Open Giu-F opened 2 months ago
Hi Giulia,
No, currently only 0.9 and 0.99, not implemented in the R package. This thing is quite untested (and not investigated in literature), I woud recommend to go with 0.9 then, for extra confidence. Also, typically, the number of IDs at 0.9 is almost the same as at 0.75.
For R, can try https://github.com/tvpham/msproteomics - it's specifically meant to process DIA-NN output (the main report).
Best, Vadim
Hi Vadim, Thanks for the reply. The package you linked has almost no explanation on how to use it… and it’s for python. I am working on a phospho SILAC dataset, and you recommend to use the report for analysis. So even if I go for 0.9, I still need to apply the top1 method on the main report. Any chance you guys are planning to implement it in Diann R package any time soon?
0.9 and 0.99 matrices are ready to use, i.e. no need to apply Top 1. But it's not channel-specific. So if you'd like to do phosphosite quant in channel-specific manner, you indeed need to write custom-scripts to do that. Should not be too difficult though.
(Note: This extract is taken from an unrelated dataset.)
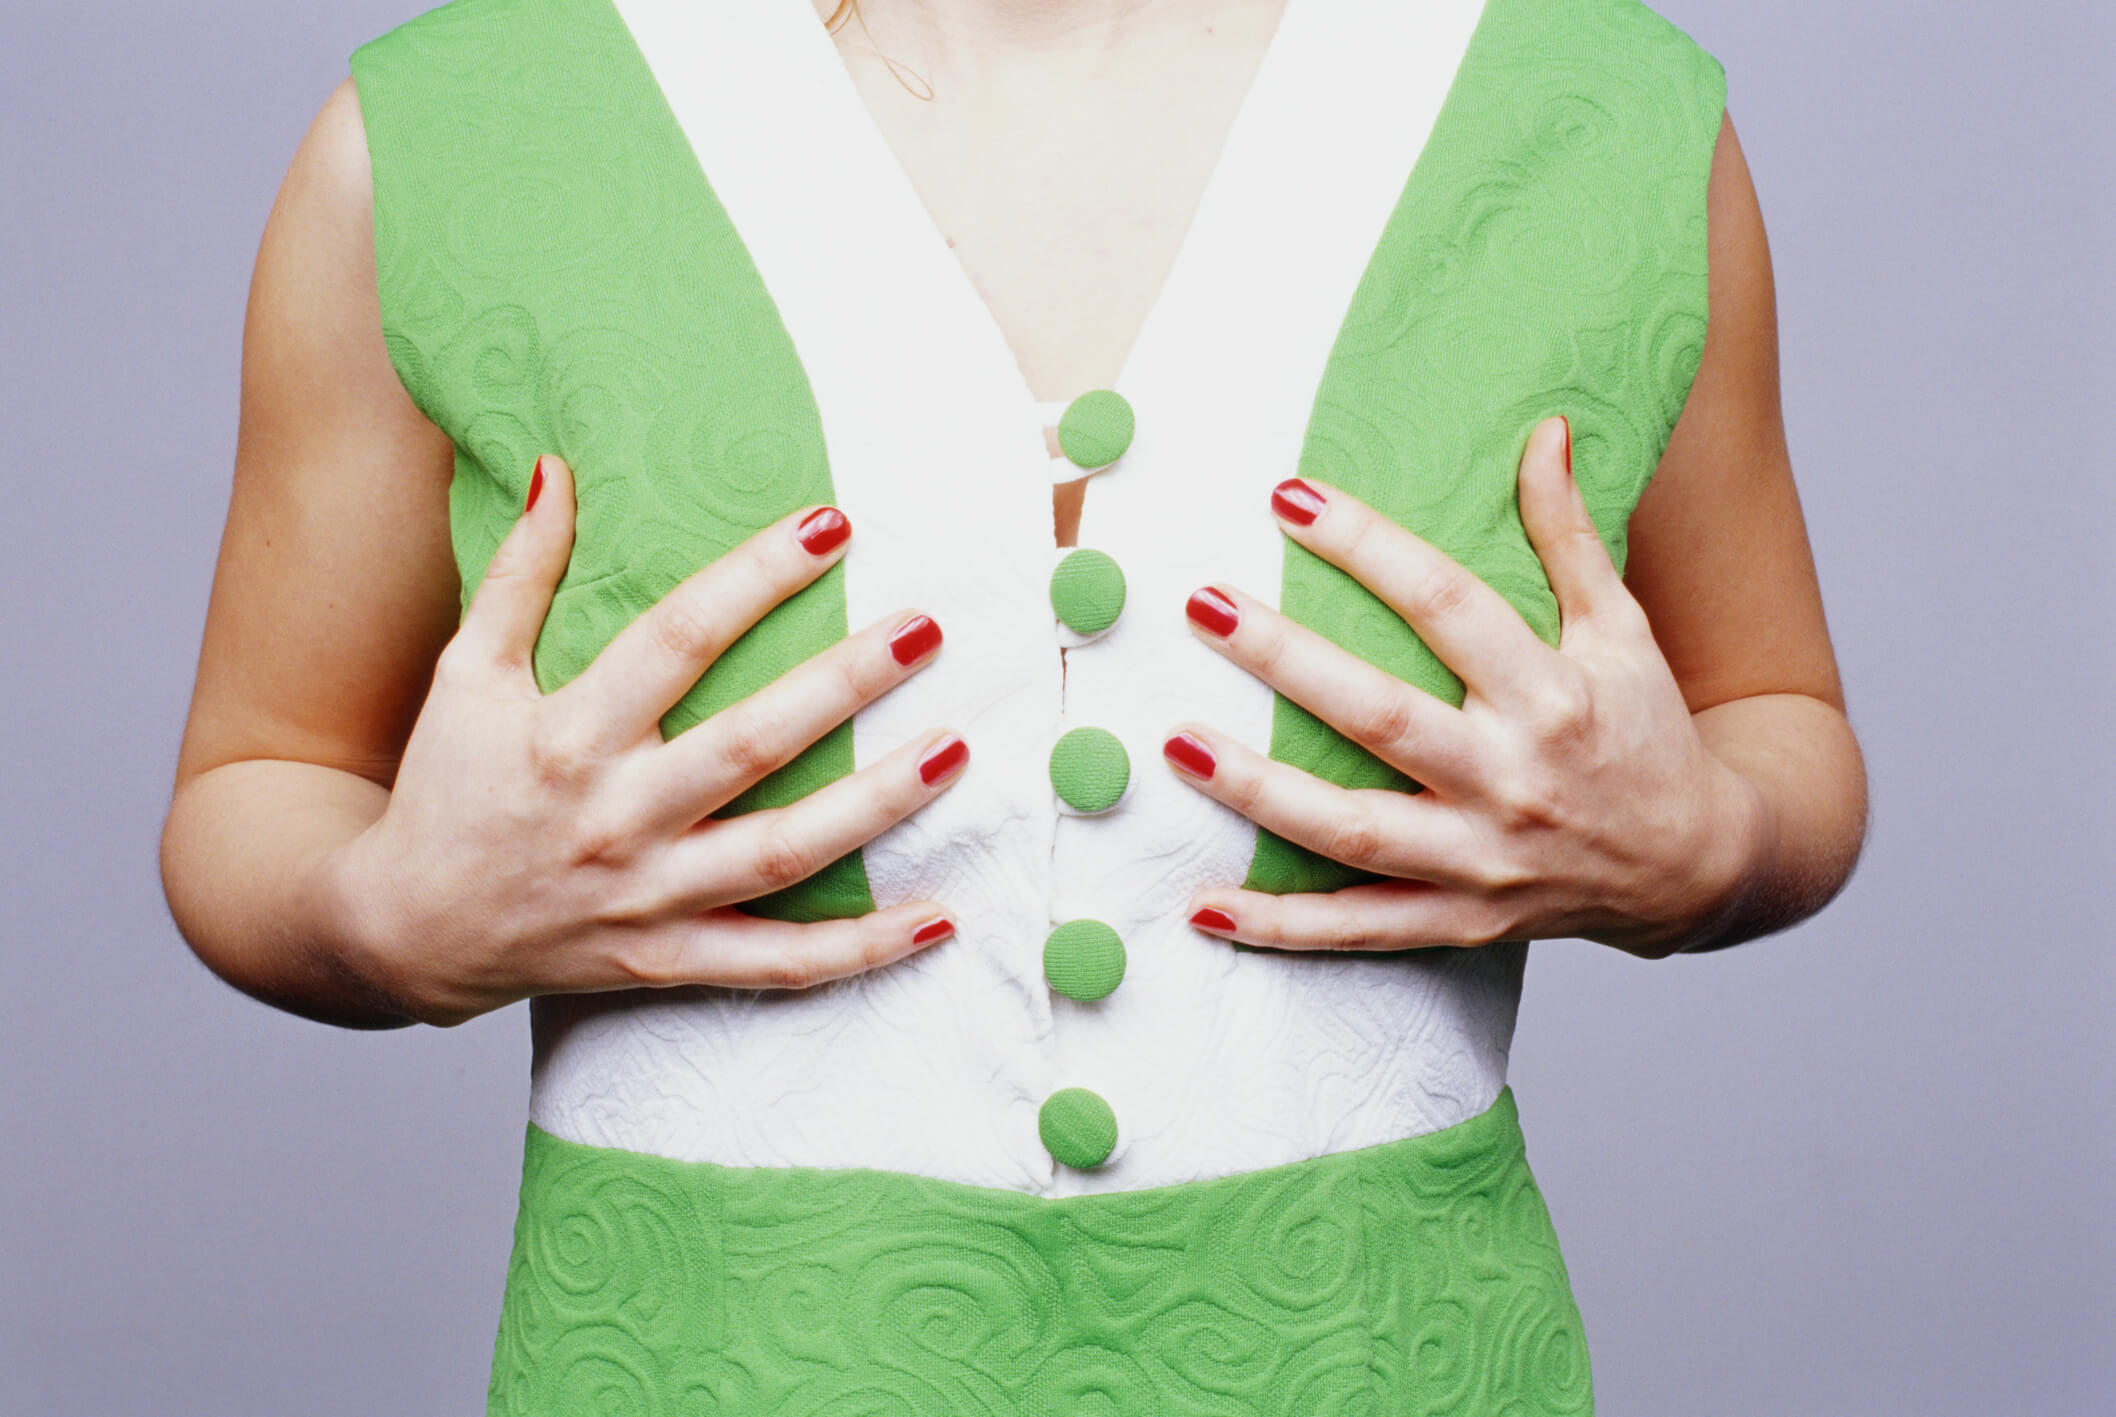 Wardrobe ⚡ famous malfunctions celebrity Celebrity Bikini

Yes, we likely implement this in the future, I will add it to the todo list, but most likely will not appear in the next update.
While making the custom-script, I noticed that the column "Site.Occupancy.Probabilities" matches the PTM.Site.Confidence, not the Lib.PTM.Site.Confidence. Does a column named "Lib.Site.Occupancy.Probabilities" exist? Are the matrixes filtered using these Site.Occupancy.Probabilities or the ones calculated after MBR (hypothetical column "Lib.Site.Occupancy.Probabilities")? Thanks. Br, Giulia
Hi Giulia,
Not sure what do you mean by a column matching another column? Lib.Site.Occupancy.Probabilities does not exist.
0.9 and 0.99 phospho matrices are filtered using Site.Occupancy.Probabilities.
Best, Vadim
What if you are using MBR? Shouldn't you filter on Lib.PTM.Site.Confidence? However, if you filter on Site.Occupancy.Probabilities, it's like filtering on PTM.Site.Confidence?
"Shouldn't you filter on Lib.PTM.Site.Confidence?" - not sure if this is necessary.
Further detail needed to implement custom script -- how can one derive Site # info from the parquet output?
What do you mean? There’s a column that lists the positions of the sites within a protein, for each precursor identification. So each pair (protein, site position) is a unique site id. But you only need a custom script if the phosphosite matrices produced by DIA-NN are not suitable for your purposes.
Sorry I'm not so familiar w/ the domain, but as far as I can tell Modeified.Sequence gives location of phosphorylation within the peptide, but not the index within the whole protein seq, i.e. Site:549
There’s another column with the site index, I don’t remember the column name (writing from phone), but should be easy to find. The column will have required info if you analysed with phospho specified as var mod
There’s another column with the site index, I don’t remember the column name (writing from phone)
Ah thanks, it's Protein.Sites
you only need a custom script if the phosphosite matrices produced by DIA-NN are not suitable for your purposes.
It seems the cutoffs are quite conservative, https://www.nature.com/articles/s41467-022-35740-1 seems to report that 0.01 is fine general cutoff and even 0.51 is stringent, for example. For a given confidence DIA-NN has lower empirical FDR than Spectronaut.
Hi, I would like to get phosphosite level information with the top1 method with a 0.75 cutoff, instead of the 0.9 or 0.99 used to generate the matrixes. Has the top1 method been implemented in the Diann R package?